The overall global economic recovery has been tepid, and that uncertainty has carried over to hedge funds despite many new entrants to the market.

Hedge fund launches totaled 1,113 in 2011, according to data from Hedge Fund Research, with 270 taking the plunge in the final quarter of the year despite a third quarter that was roiled by high volatility and poor performance. The yearly figure is second only to the all-time start-up peak of 2007 when 1,197 funds launched as managers position themselves for growth.

In a report conducted by Hedge Fund Monitor, and Bank of America, the average hedge fund lost a little over 5% in the three months to the end of September 2011.

Despite a rocky conclusion for alternatives last year, total hedge fund industry capital rose slightly by 3% to $2.02 trillion, with approximately a total of 9,500 funds outstanding globally.

“It’s a positive time for the hedge fund industry—they should be honored for their resilience,” said an unnamed source.

The majority of the growth reportedly still occurs in the U.S. and Europe, with Asia as a third rising star.

While resiliency is essential for anyone trying to raise capital in tepid markets, emerging managers in Asia have been hard-hit by major allocators, which have ultimately dashed the hopes of a swift rise in assets for many emerging managers.

Much to their chagrin, a weak buy side is often a result of a weak sell side, and such is the case with Asian start-up hedge funds.

Funds of funds have customarily seeded rising hedge funds from the get-go. They too have receded industry-wide, thereby making it difficult for emerging hedge funds to leap from start-up to critical mass, said Sam Tabar, head of Asia-Pacific capital introductions at Bank of American Merrill Lynch to Bloomberg.

Some hedge funds, though, have been forced to halt operations in response to waning fund of funds support. Isometric Investment Advisors closed last December after its largest investor, London-based FRM Capital Advisors, a hedge fund seeding firm, said it would withdraw its cash. Black Link Capital also reportedly closed when an unnamed U.S. based fund of funds withdrew funding.

“I am seeing investor appetite for emerging hedge fund managers pick up in 2012 in rough correspondence with risk appetite,” said Patric de Gentile-Williams, chief operating officer of FRM. He told Markets Media that “new launches continue to reflect the existing distribution of managers”.

He cited that long/short equity, macro, event-driven and emerging markets may be the year’s most popular hedge fund strategies.

“Credit and commodities are less well represented, although one might expect an increase in European distressed manager launches following the interest shown for European situations by some of the most established distressed debt managers,” De Gentile-Williams continued.

Even so, hedge fund seeding firms are merely the start for most of the region’s emerging managers. Family offices and other private wealth sources have been known to be large supporters of start-up ventures.
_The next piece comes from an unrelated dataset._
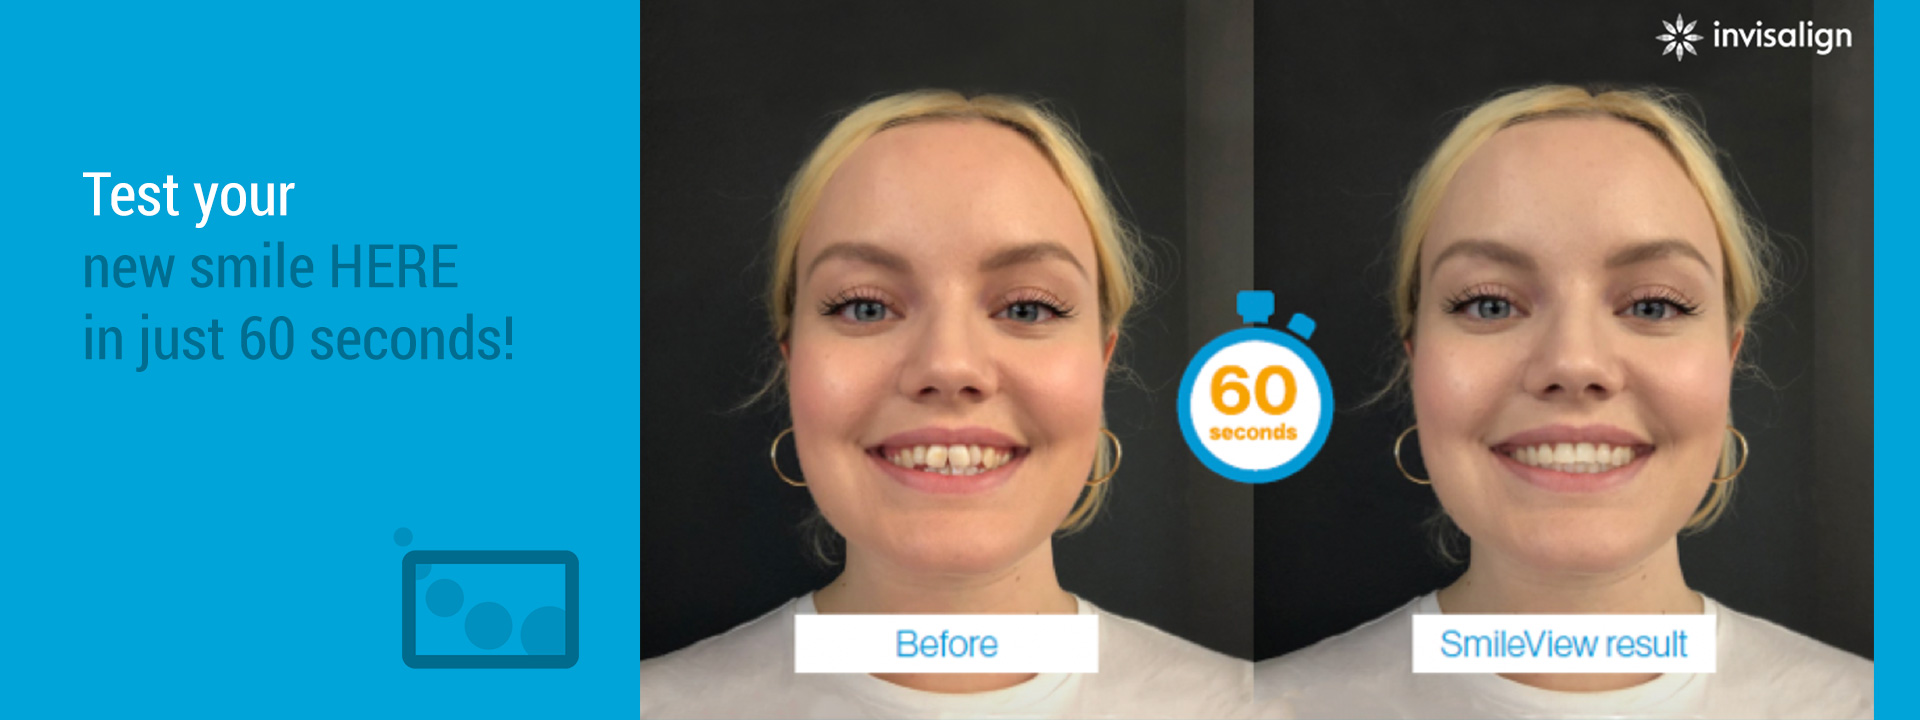 Smileview: Try your new smile in just 60 seconds

They, too, have been forced to pull back.

In addition to funding shortfalls, the key focus on amplifying due diligence, and having best operational standards continues to be highlighted within Asia’s hedge fund investor community, as a response to events such as the Bernie Madoff Ponzi scheme scandal.
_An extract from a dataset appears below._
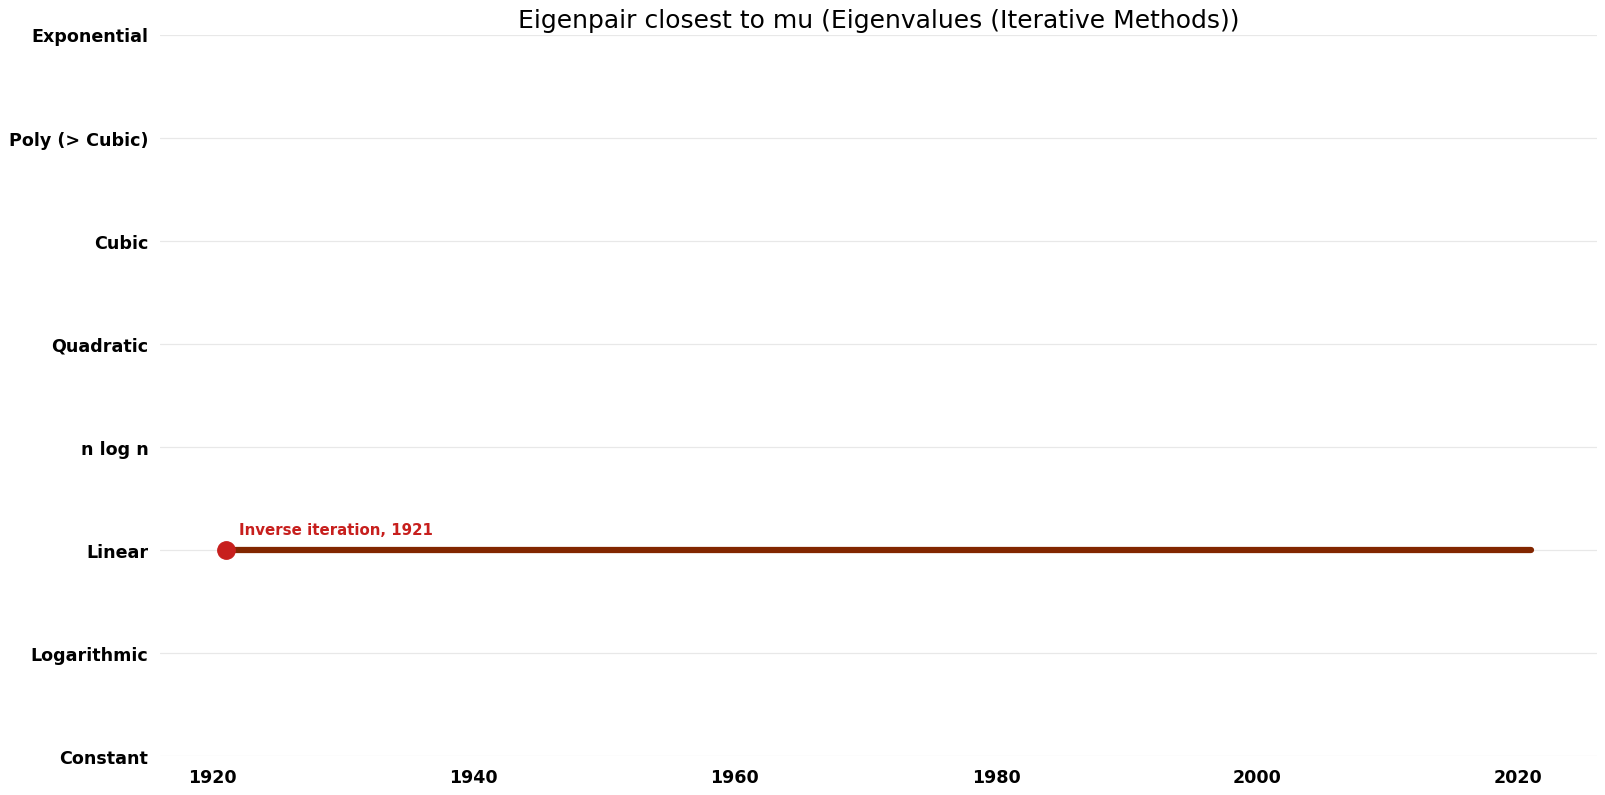 Eigenvalues (Iterative Methods) - Eigenpair closest to mu - Time.png

“Half of all hedge funds blow up because of operational failures, not their investment process,” said Nate Anderson, director at Tangent Capital and chief executive of ClaritySpring, a hedge fund service provider that aims to ease operations between hedge funds and their allocators.

While running a hedge fund might require the same investing and trading expertise gained at sell-side proprietary trading desks, running a business at a hedge fund start-up “is a different skill set”, said Anderson.

“Investment profits come with the best infrastructure,” he added. “Raising money is a fully-fledged business.”